Cuando nos veamos muy atribulados y no sepamos que hacernos, debemos volvernos a Dios, que es el único que puede consolarnos. Debemos recurrir a Él y suplicarle, sin dejar de hacerlo hasta que nos oiga.

Conviene fijar los ojos en Dios y no apartarlos de Él, y seguir suplicándole hasta que tenga compasión de nosotros. Conviene que tengamos gran confianza en el corazón de Jesucristo, que está lleno de misericordia, y no hacer lo que hacen algunos que se abaten si no los oyen al punto que han comenzado a suplicar.

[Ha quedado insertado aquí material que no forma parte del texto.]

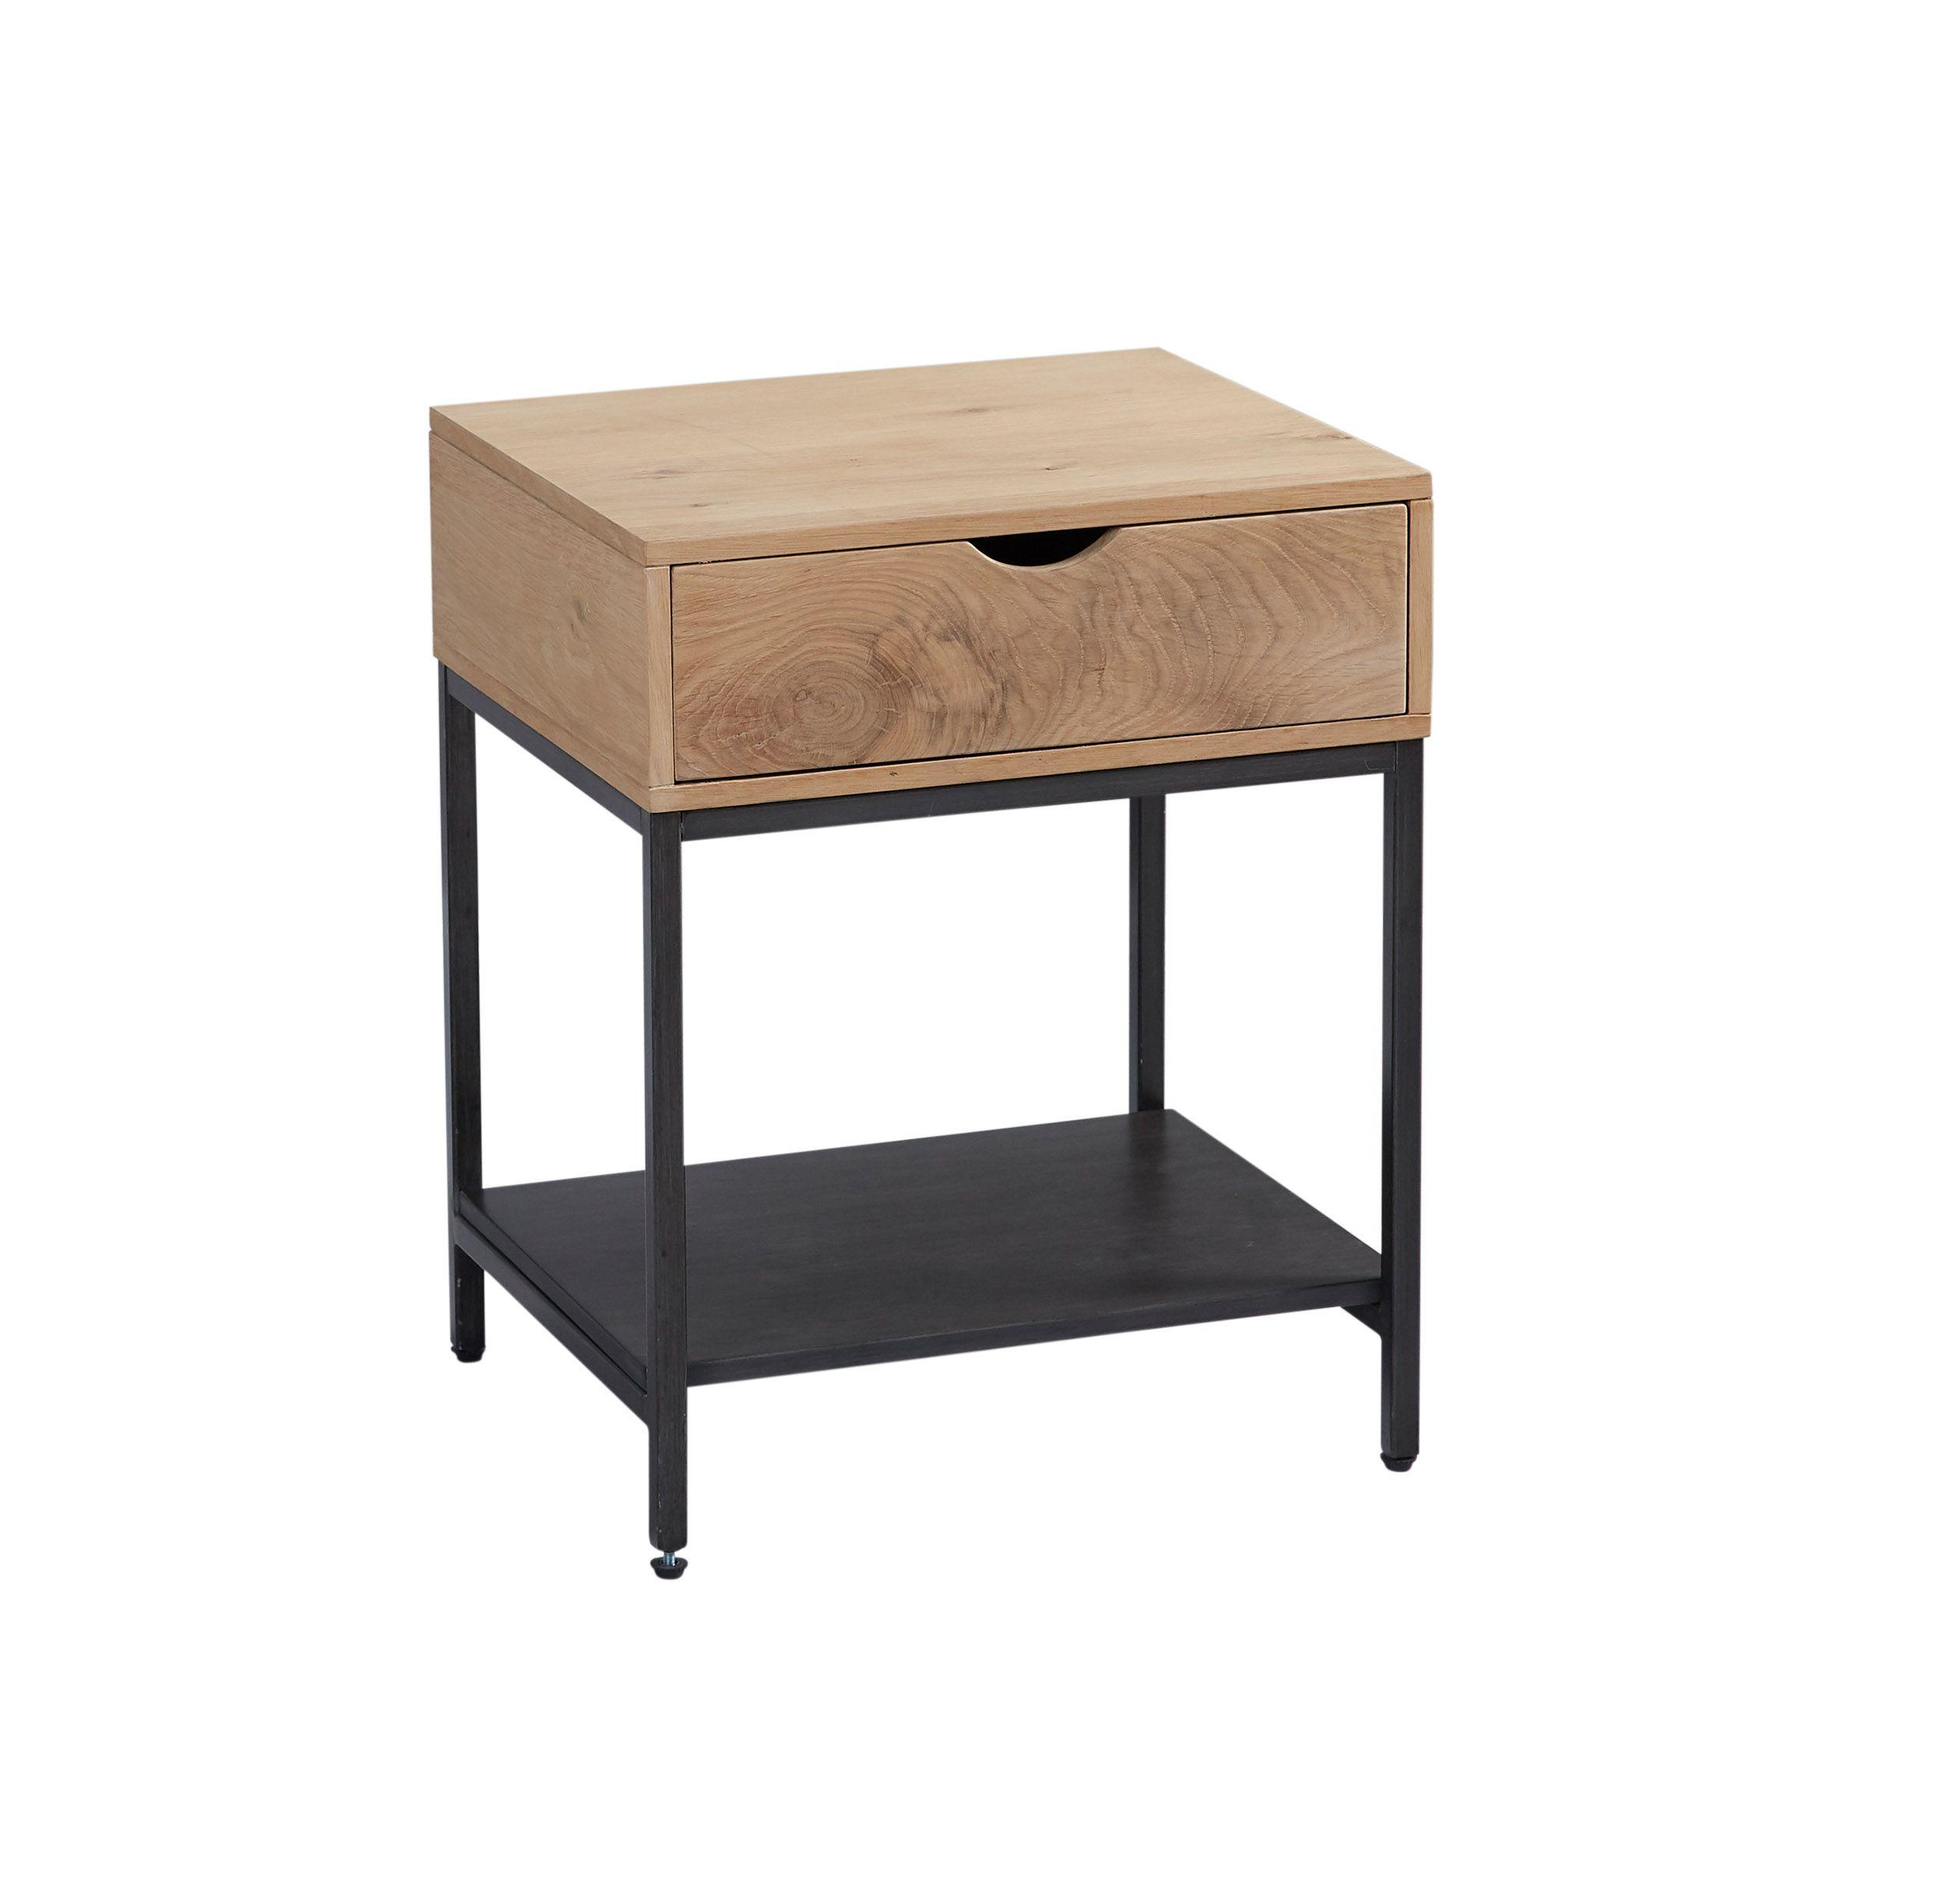 Lc Home Beistelltisch Nachttisch Mit Schublade Eiche Metalldieser Moderne Beistelltisch Im Industrial Desig Nachttisch Schublade Beistelltisch Industrial Tisch

Las almas que tienen poca fe, en vez de recurrir a Dios en el tiempo de tribulación, recurren a los medios humanos, desdeñándose de acudir al Señor, y no pueden ver socorridas sus necesidades.  Si el Señor no es el que edifica la casa, en vano se fatigan los arquitectos.

No duerme el Señor, cuando nosotros recurrimos a su bondad, y le pedimos algunas gracias útiles a nuestras almas, porque entonces nos oye cuidadoso de nuestro bien. Y San Bernardo dice, que cuando le pedimos gracias temporales, o nos dará lo que pedimos, u otra cosa mejor.

O nos concederá la gracia perdida, siempre que nos sea provechosa para el alma, o alguna otra más útil, por ejemplo, la de acomodarnos con resignación a su santísima voluntad, y a sufrir con paciencia aquella tribulación, que nos aumenta los méritos para conseguir la vida eterna.